= Closure (business) =

Business closure is the term used to refer to when a business ceases operations. While the term is often associated with the failure of a commercial enterprise, businesses may also close because the owners have sold it at a higher value than what they invested in it. Entrepreneurs may close a business for personal reasons, such as retirement or moving into full-time employment themselves.

== Reasons for closure ==
Closure may be the result of a bankruptcy, where the organization lacks sufficient funds to continue operations, as a result of the proprietor of the business dying, as a result of a business being purchased by another organization (or a competitor) and shut down as superfluous, or because it is the non-surviving entity in a corporate merger. A closure may occur because the purpose for which the organization was created is no longer necessary.

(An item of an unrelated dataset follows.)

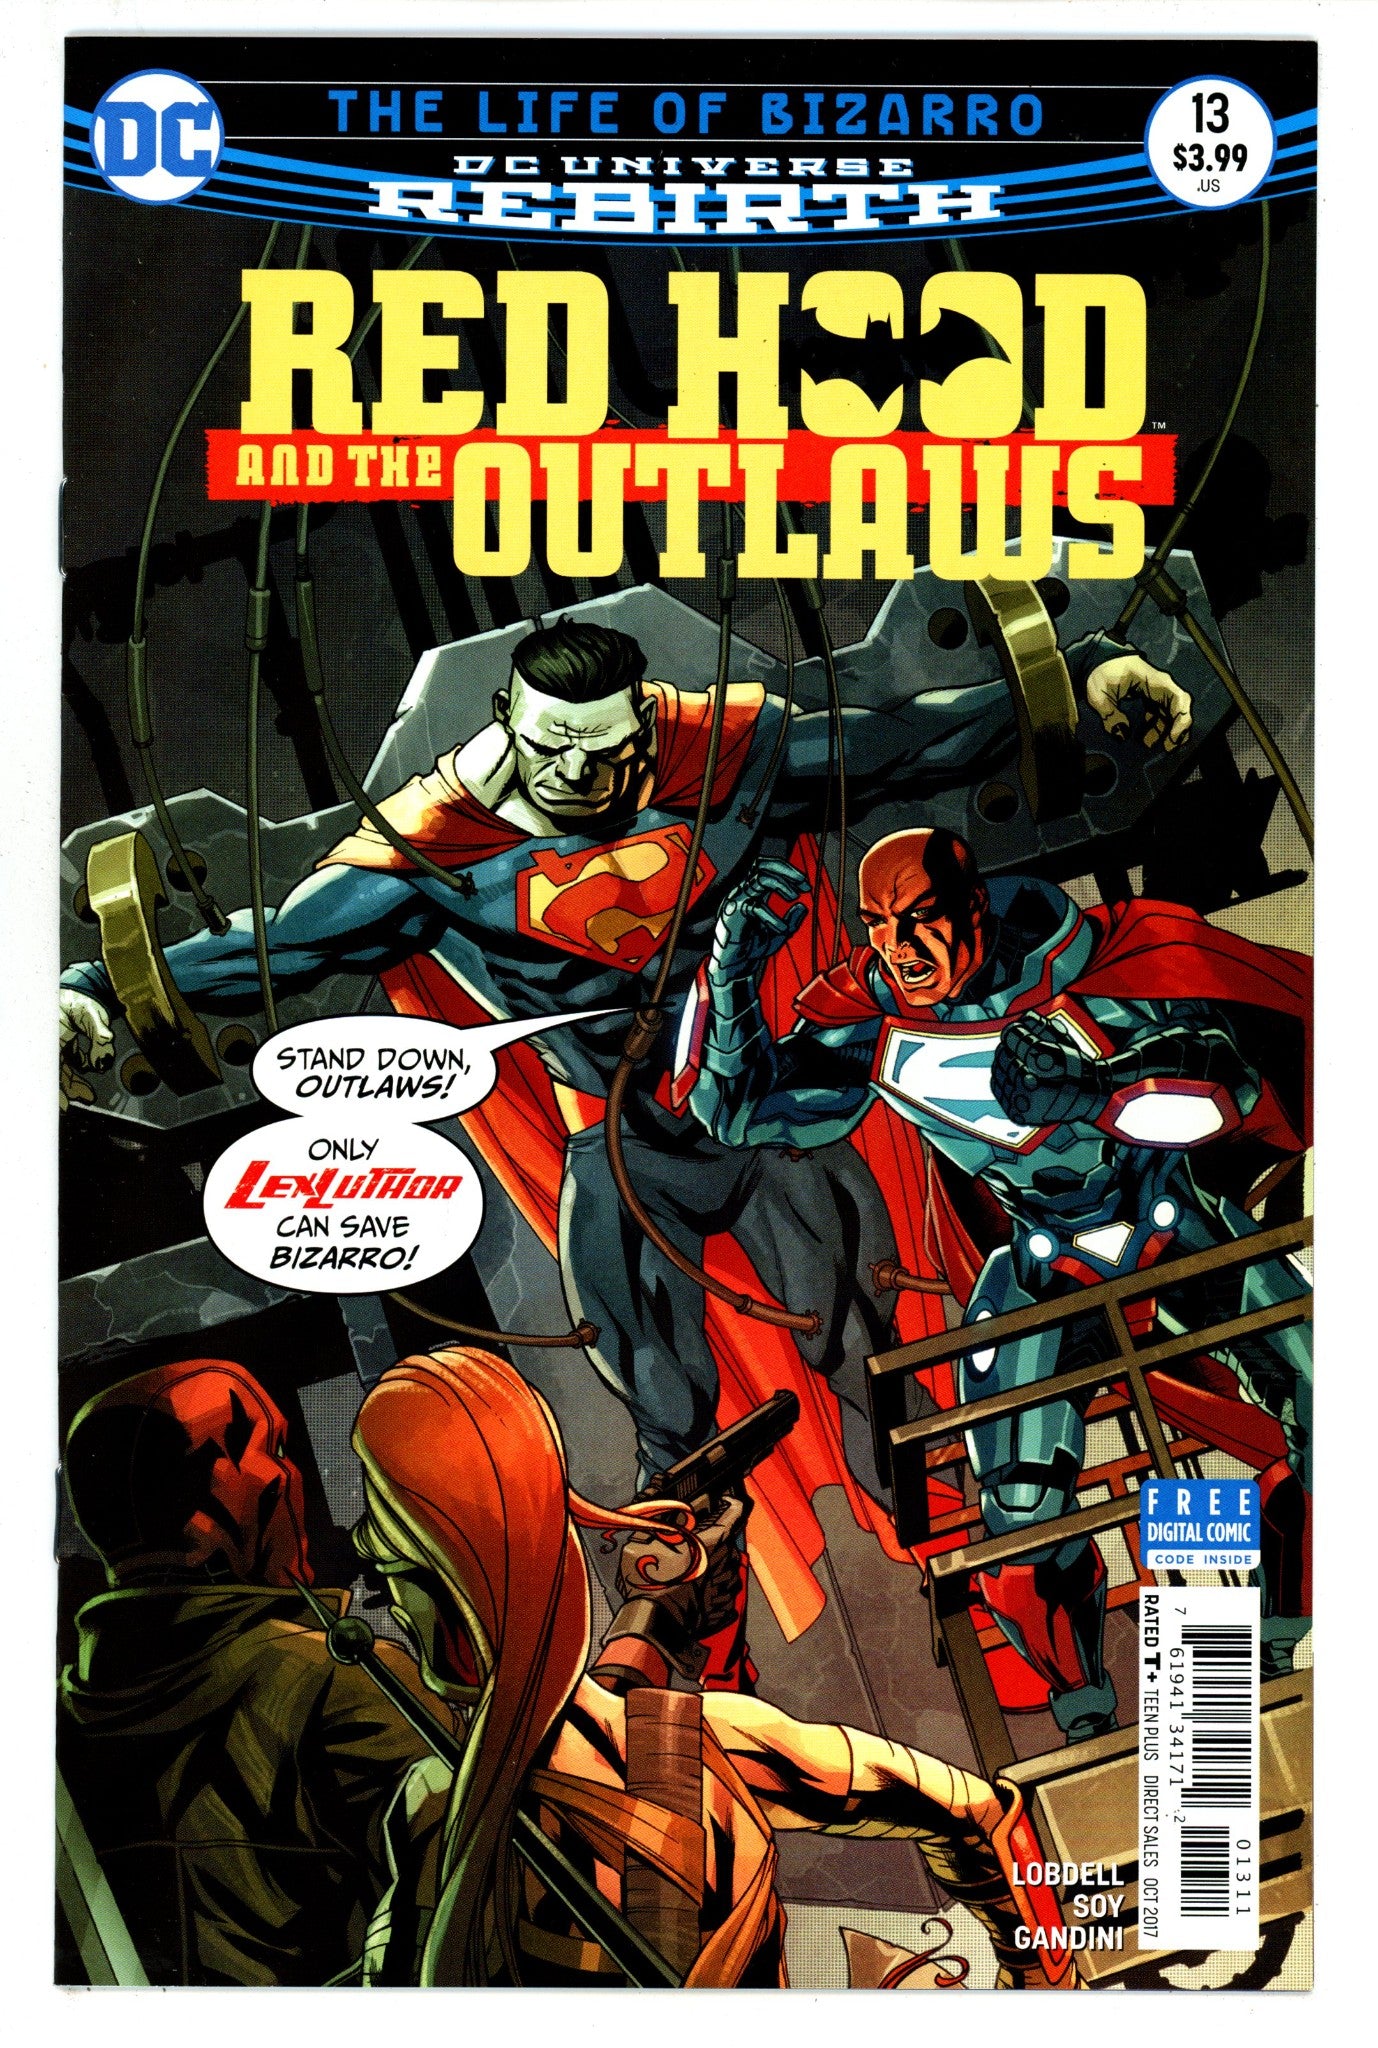 Red Hood and the Outlaws Vol 2 13 High Grade (2017) 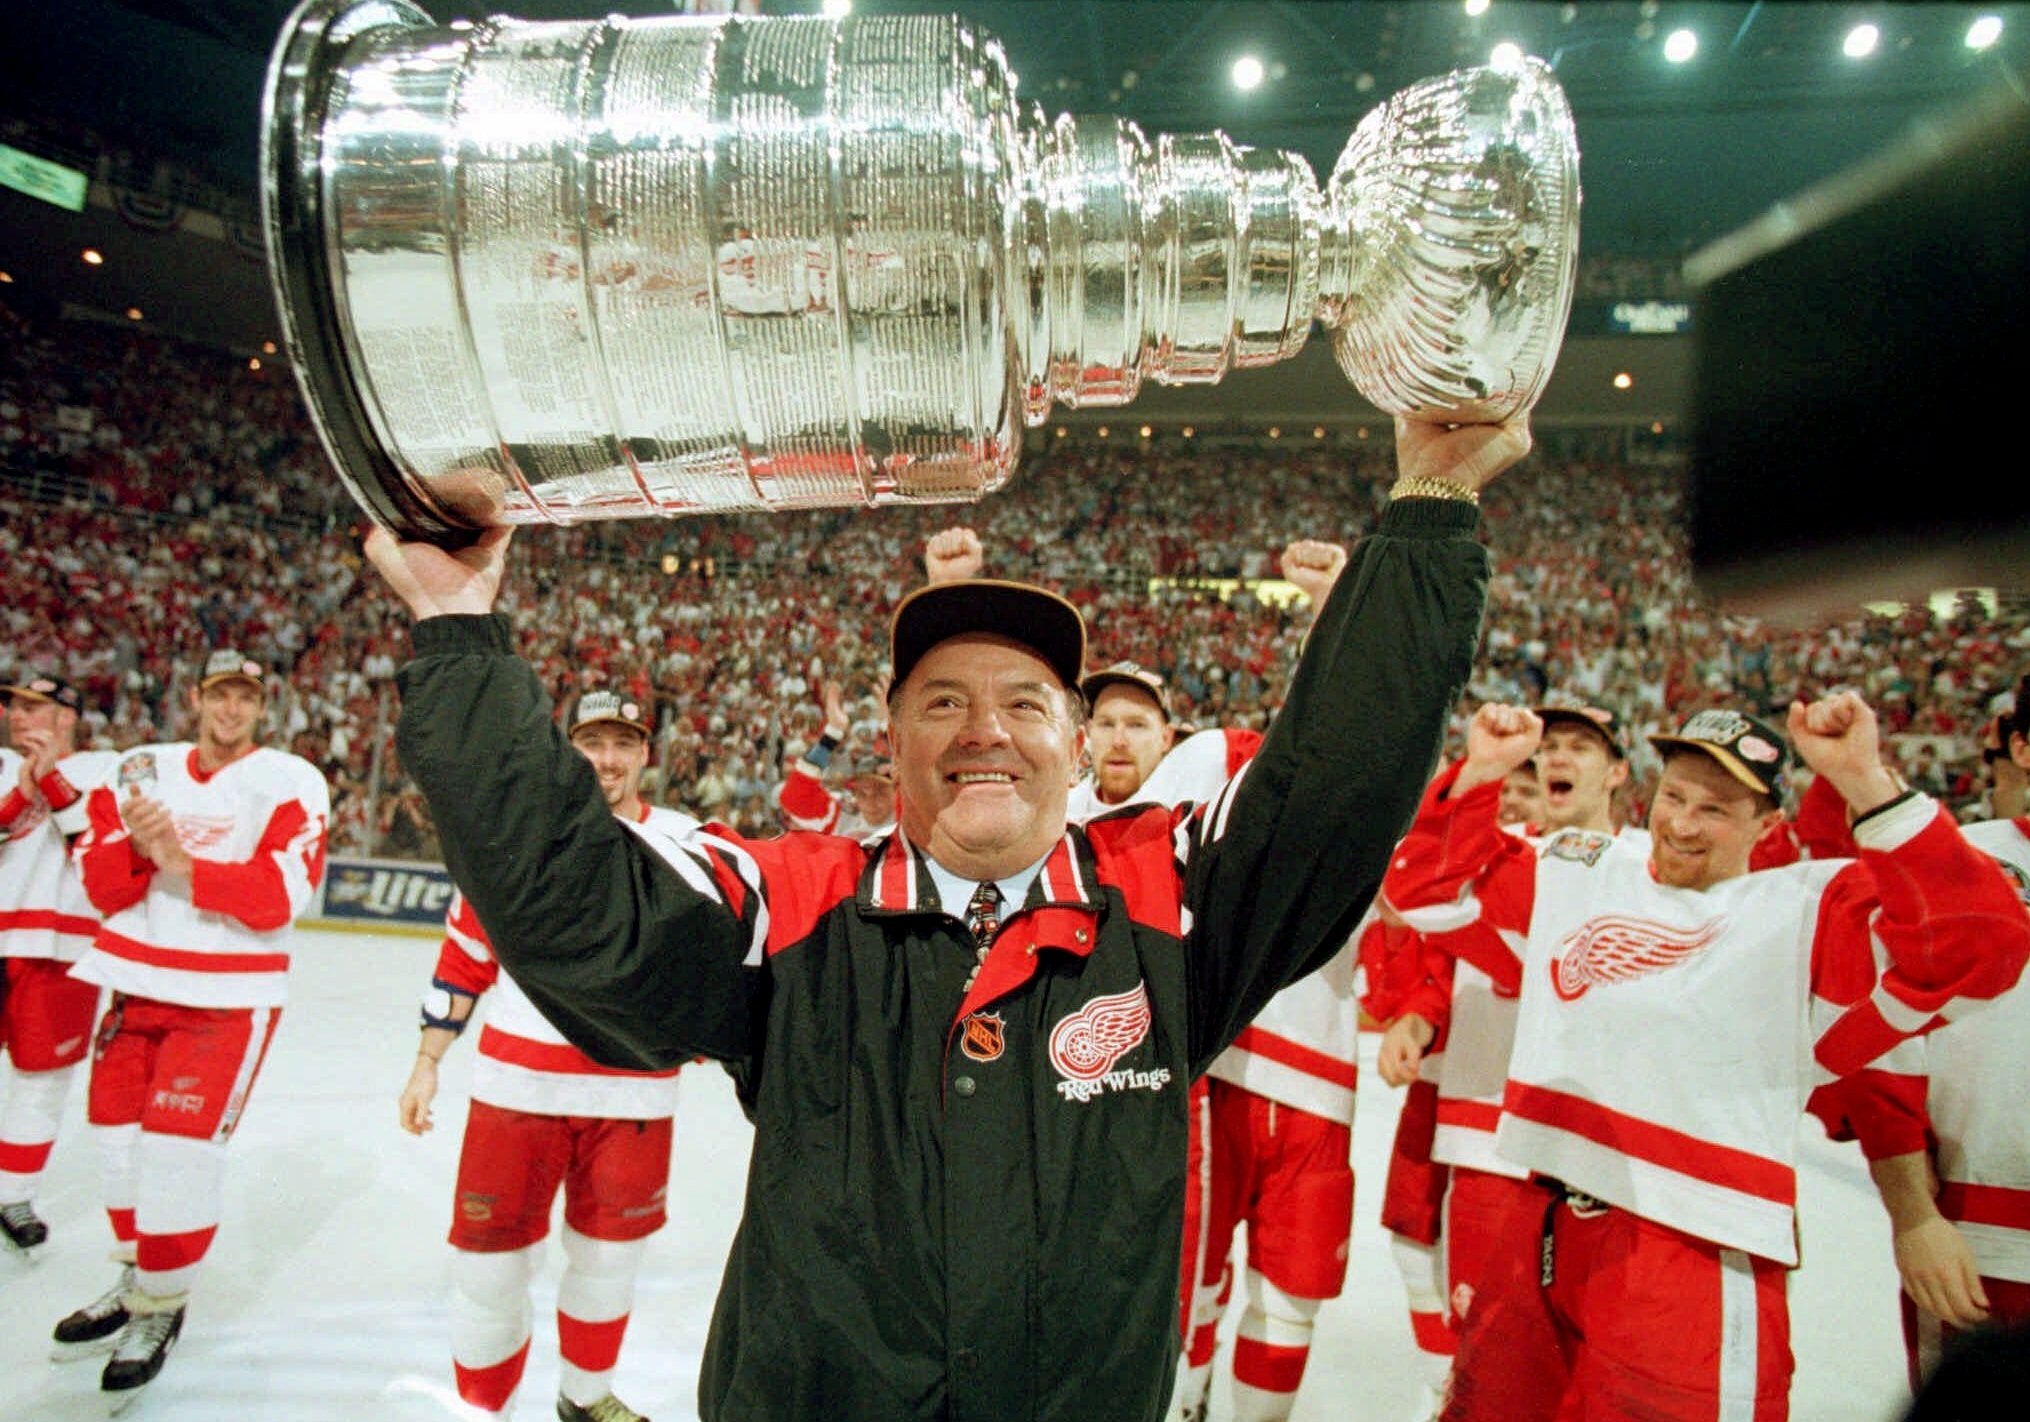 Welcome Back, Stanley! Detroit Red Wings win Stanley Cup!!

While a closure is typically of a business or a non-profit organization, any entity which is created by human beings can be subject to a closure, from a single church to a whole religion, up to and including an entire country if, for some reason, it ceases to exist.

Closures are of two types, voluntary or involuntary. Voluntary closures of organizations are much rarer than involuntary ones, as, in the absence of some change making operations impossible or unnecessary, most operations will continue until something happens that causes a change requiring this situation.

The most common form of voluntary closure would be when those involved in an organization such as a social club, a band, or other non-profit organization decide to cease operating. Once the organization has paid any outstanding debts and completed any pending operations, closure may simply mean that the organization ceases to exist.

If an organization has debts that cannot be paid, it may be necessary to perform a liquidation of its assets. If there is anything left after the assets are converted to cash, in the case of a for-profit organization, the remainder is distributed to the stockholders; in the case of a non-profit, by law any remaining assets must be distributed to another non-profit.

If an organization has more debts than assets, it may have to declare bankruptcy. If the organization is viable, it may reorganizes itself as a result of the bankruptcy and continue operations. If it is not viable for the business to continue operating, then a closure occurs through a bankruptcy liquidation: its assets are liquidated, the creditors are paid from whatever assets could be liquidated, and the business ceases operations.

== Examples ==
Possibly the largest "closure" in history (but more closely analogous to a demerger) was the split of the Soviet Union into its constituent countries. In comparison, the end of East Germany can be considered a merger rather than a closure as West Germany assumed all of the assets and liabilities of East Germany. The end of the Soviet Union was the equivalent of a closure through a bankruptcy liquidation, because while Russia assumed most of the assets and responsibilities of the former Soviet Union, it did not assume all of them. There have been issues over who is responsible for unpaid parking tickets accumulated by motor vehicles operated on behalf of diplomatic missions operated by the former Soviet Union in other countries, as Russia claims it is not responsible for them.

Several major business closures include the bankruptcy of the Penn Central railroad, the Enron scandals, and MCI Worldcom's bankruptcy and eventual merger into Verizon.